▶ [DESCRIPTION OF THE TASK] From the line containing "Justice League Costumes - Aquaman" down to the last line of the material, output each line exactly as it appears, excluding pictures.

▶ [DATA EXTRACT]
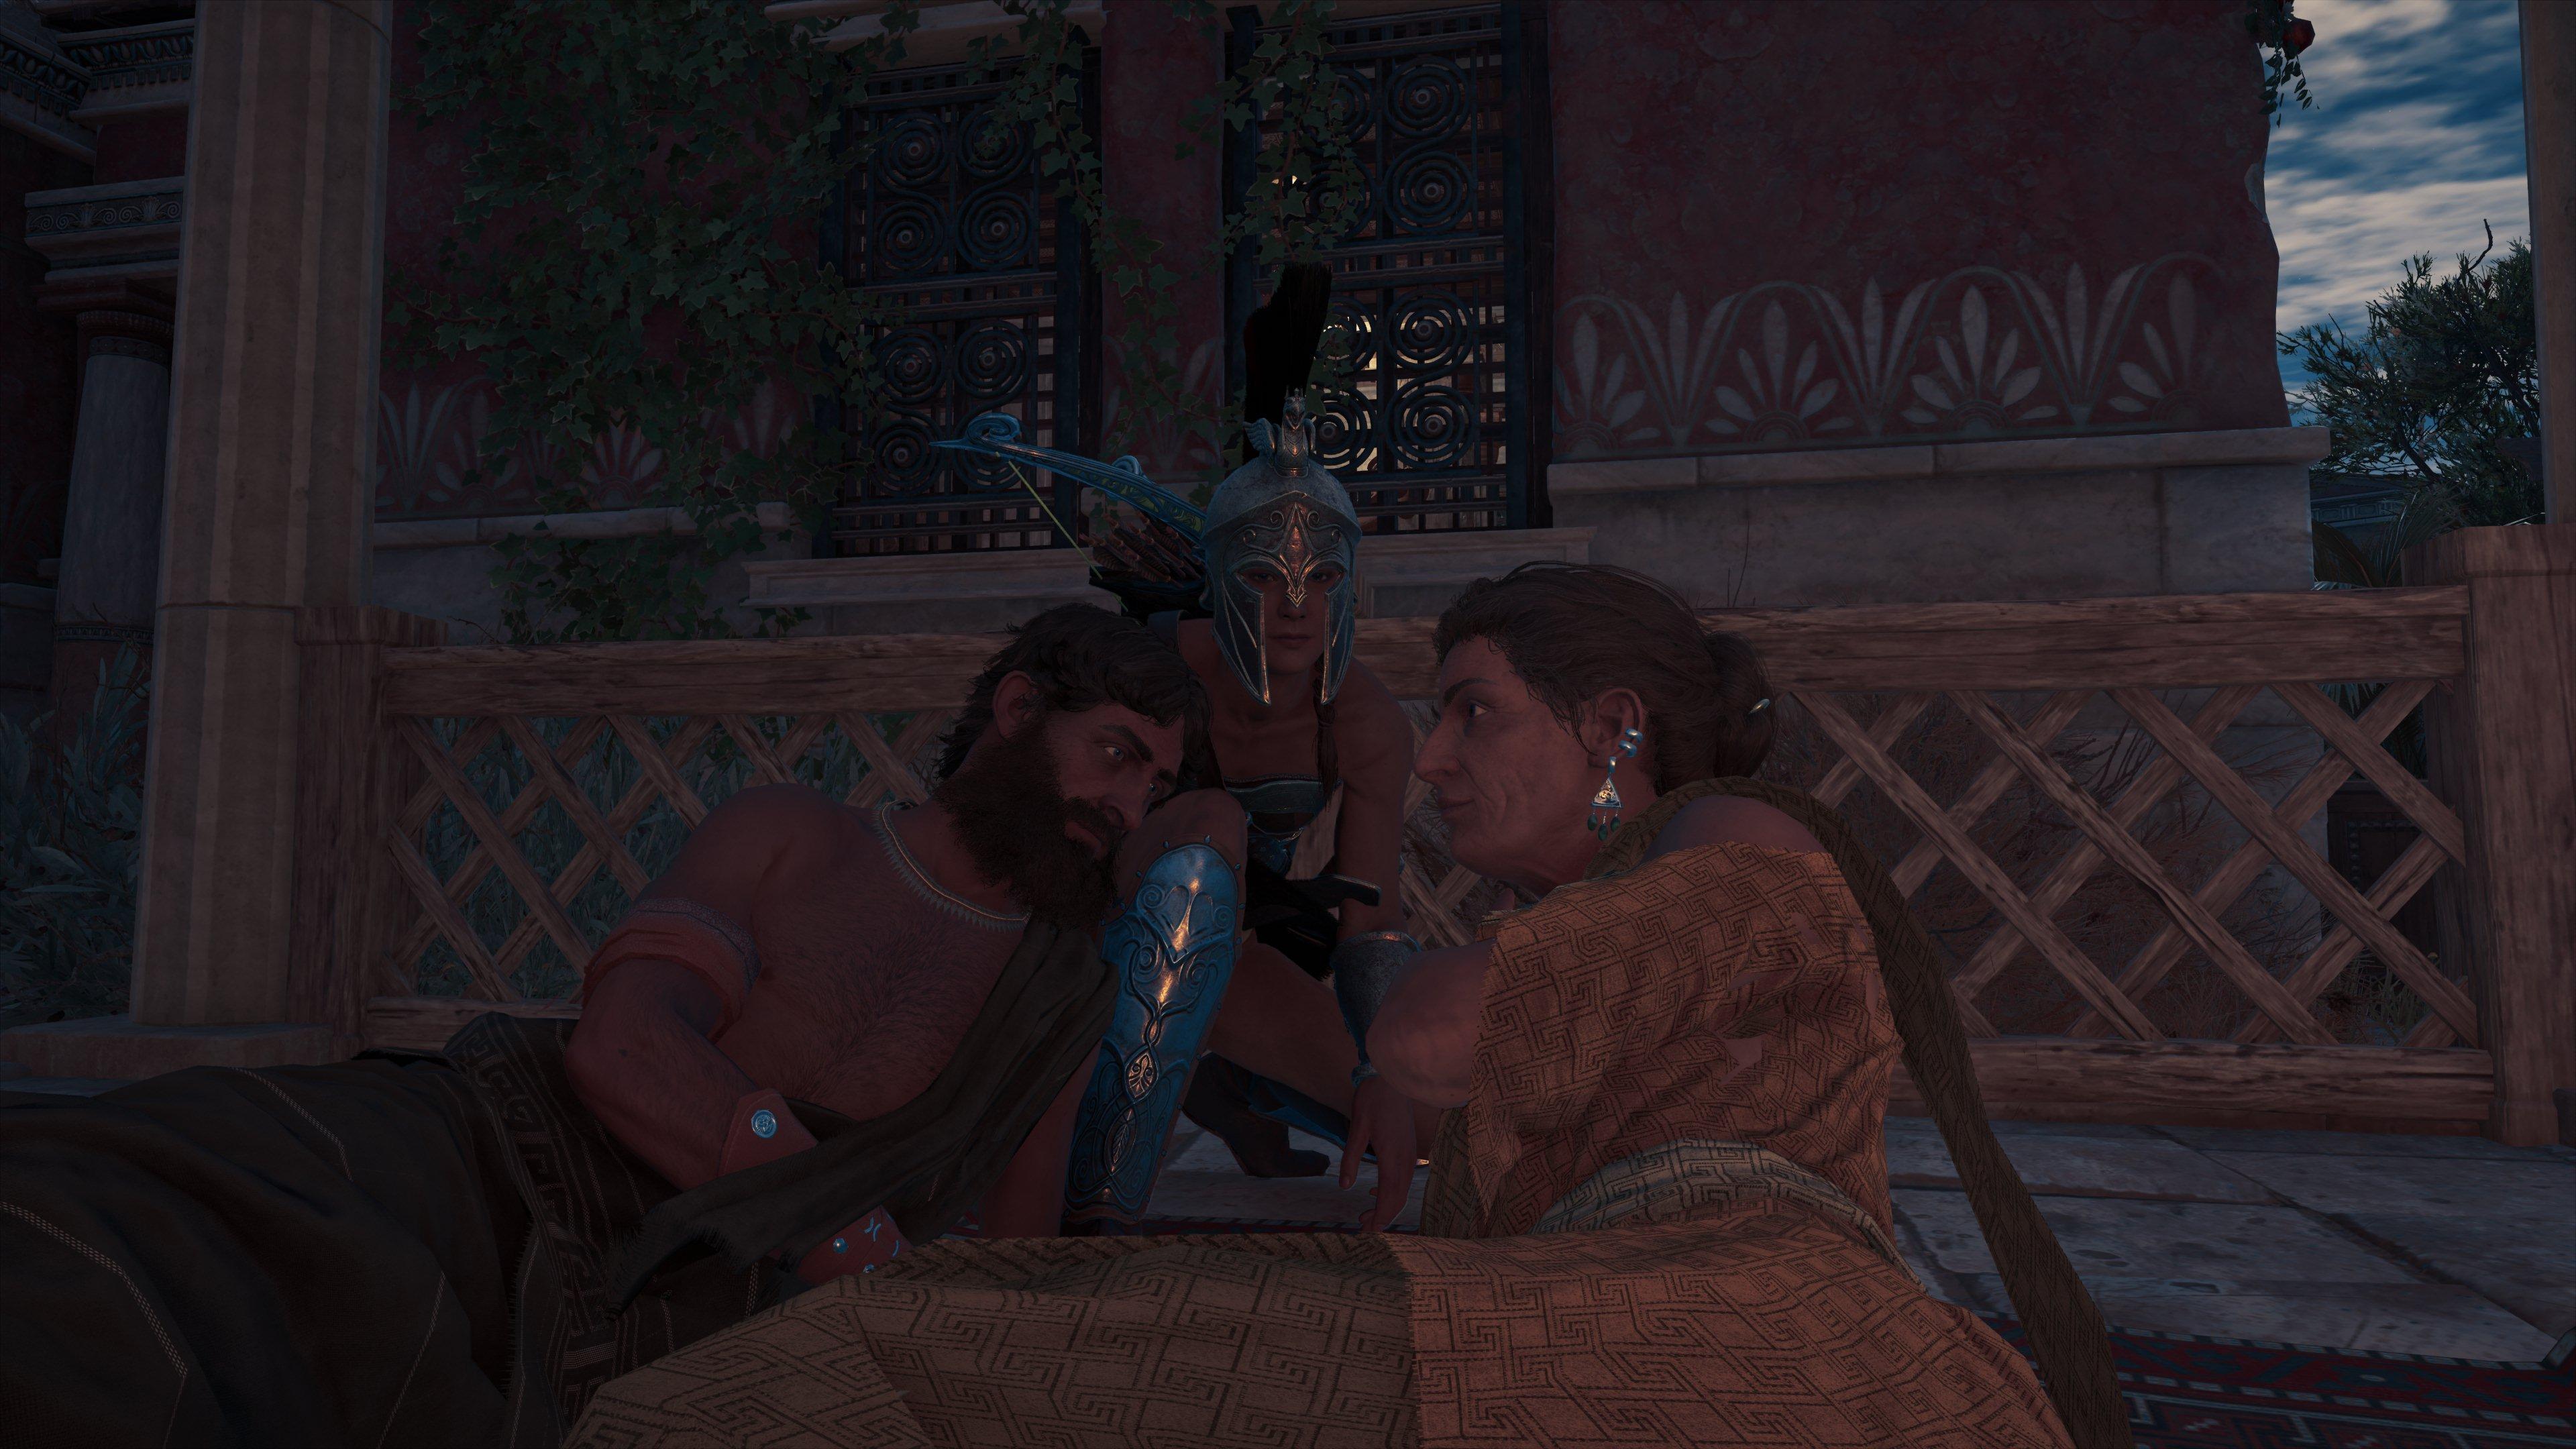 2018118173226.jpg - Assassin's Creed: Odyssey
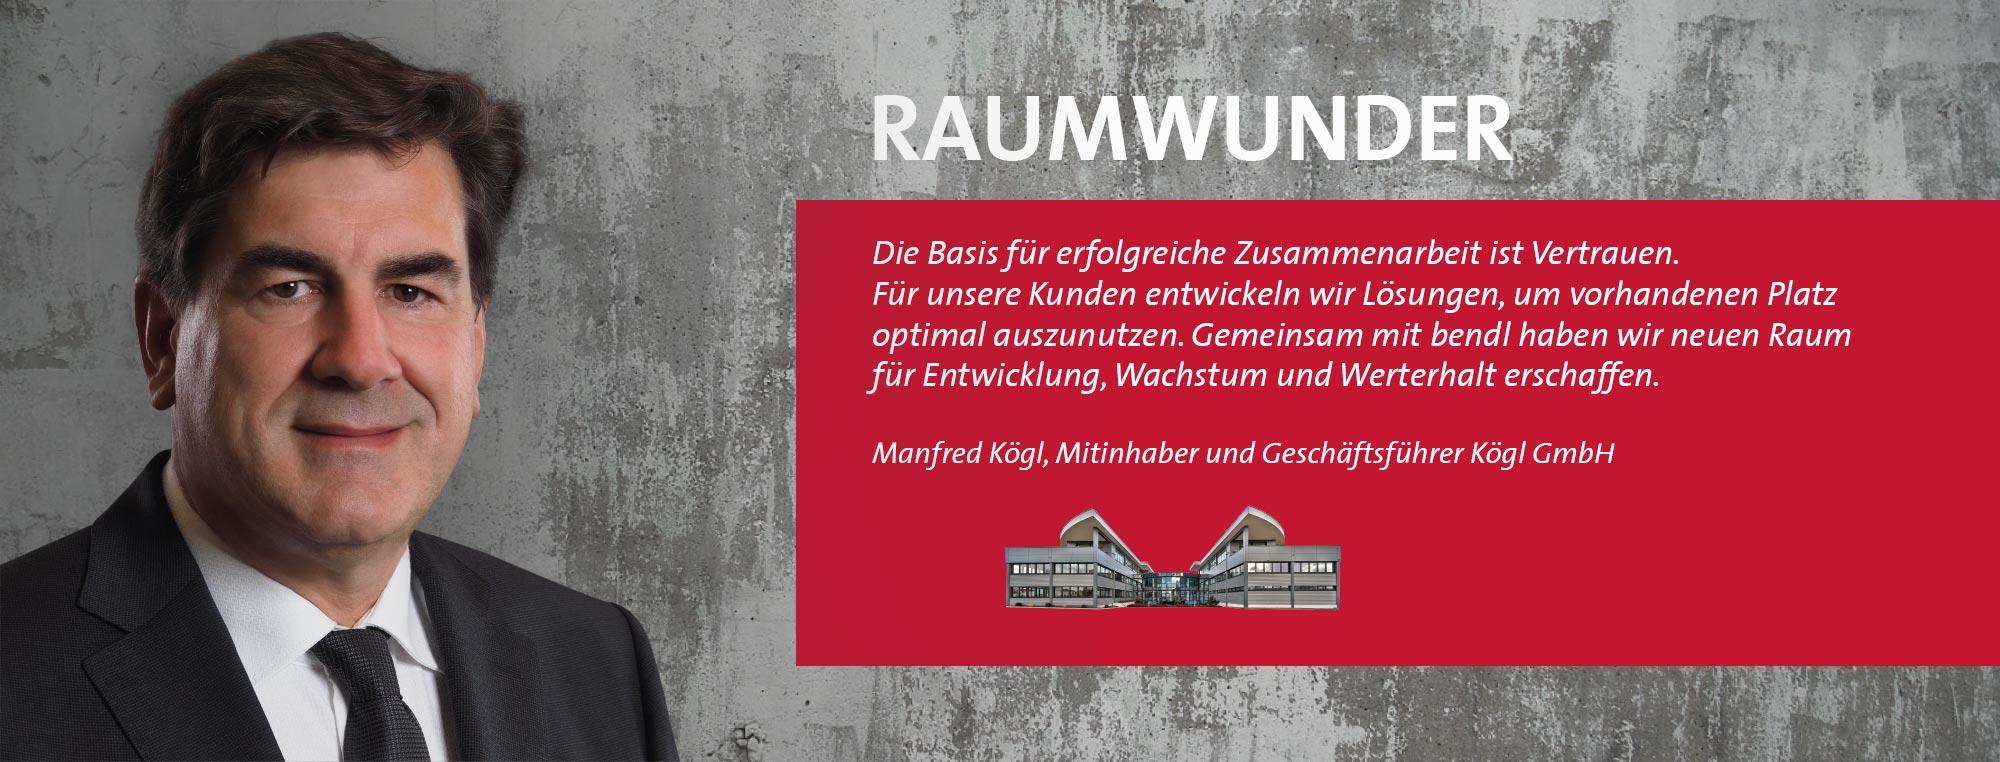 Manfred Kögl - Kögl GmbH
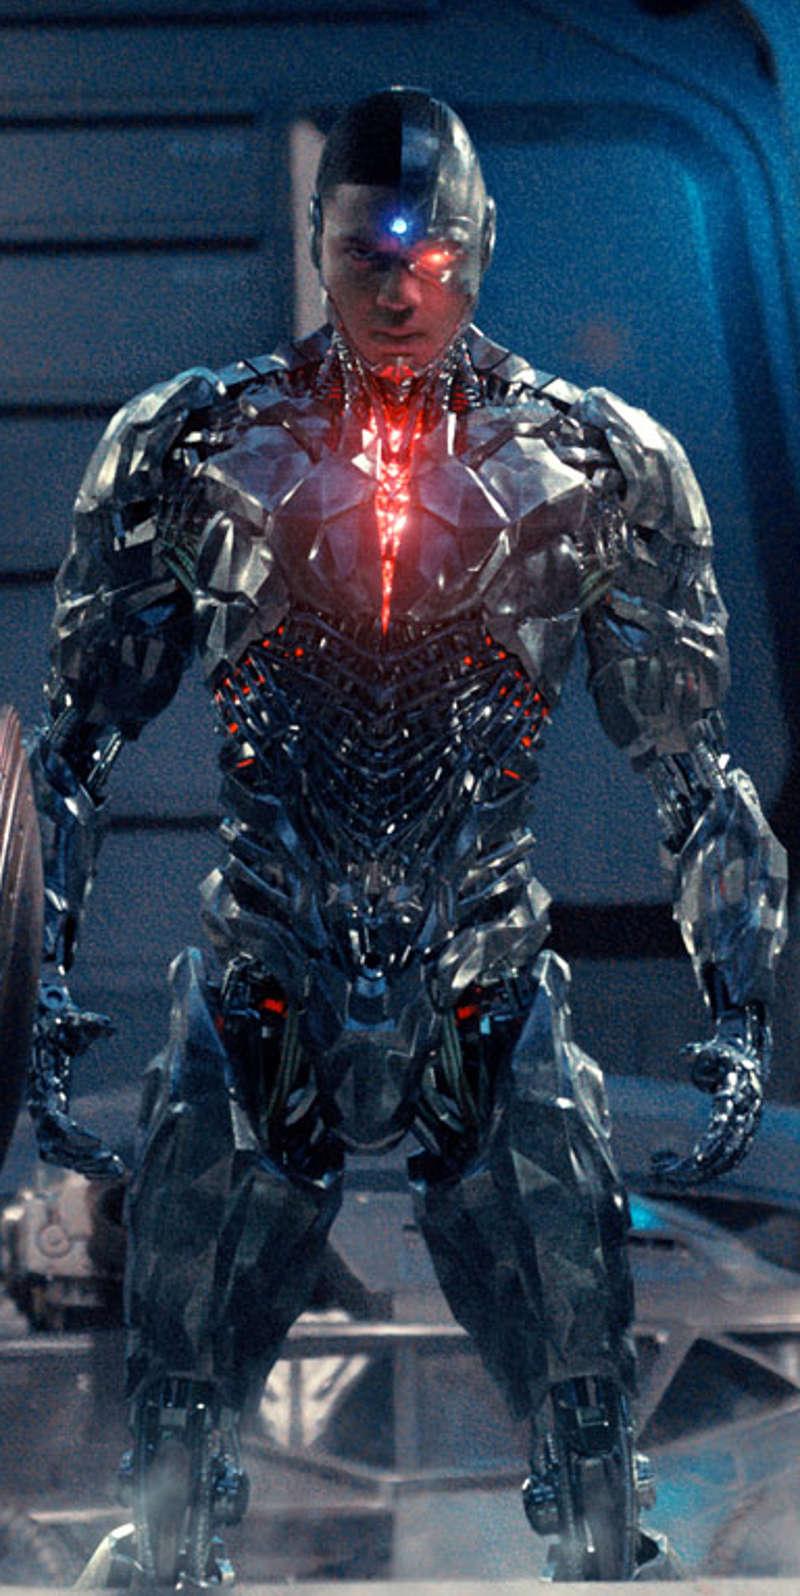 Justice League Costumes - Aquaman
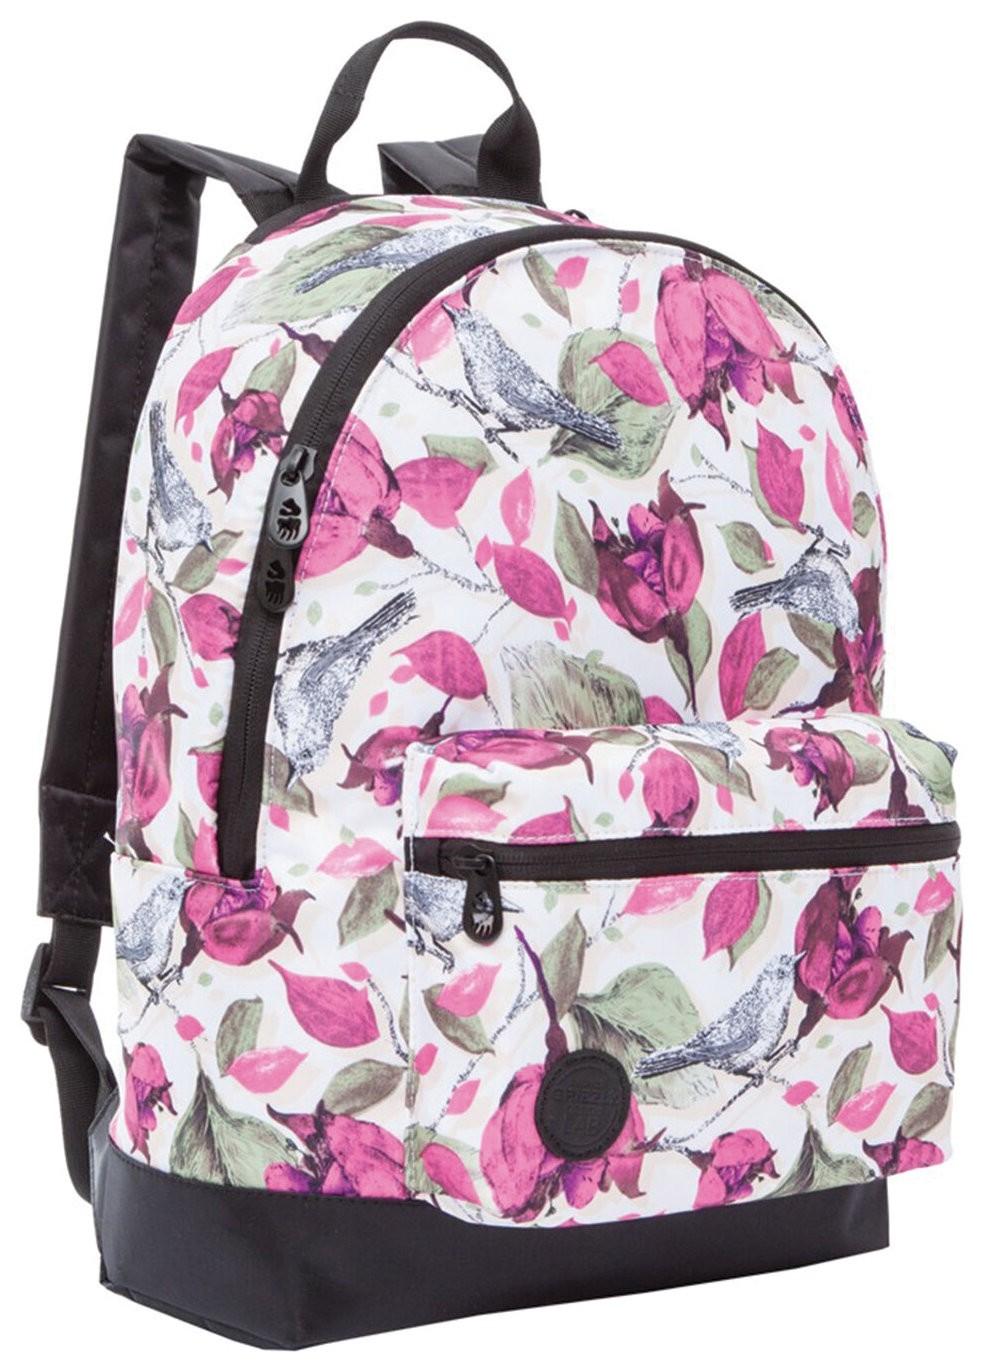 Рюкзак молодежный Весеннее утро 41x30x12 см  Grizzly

▶ [YOUR SOLUTION]
 Justice League Costumes - Aquaman
 Рюкзак молодежный Весеннее утро 41x30x12 см  Grizzly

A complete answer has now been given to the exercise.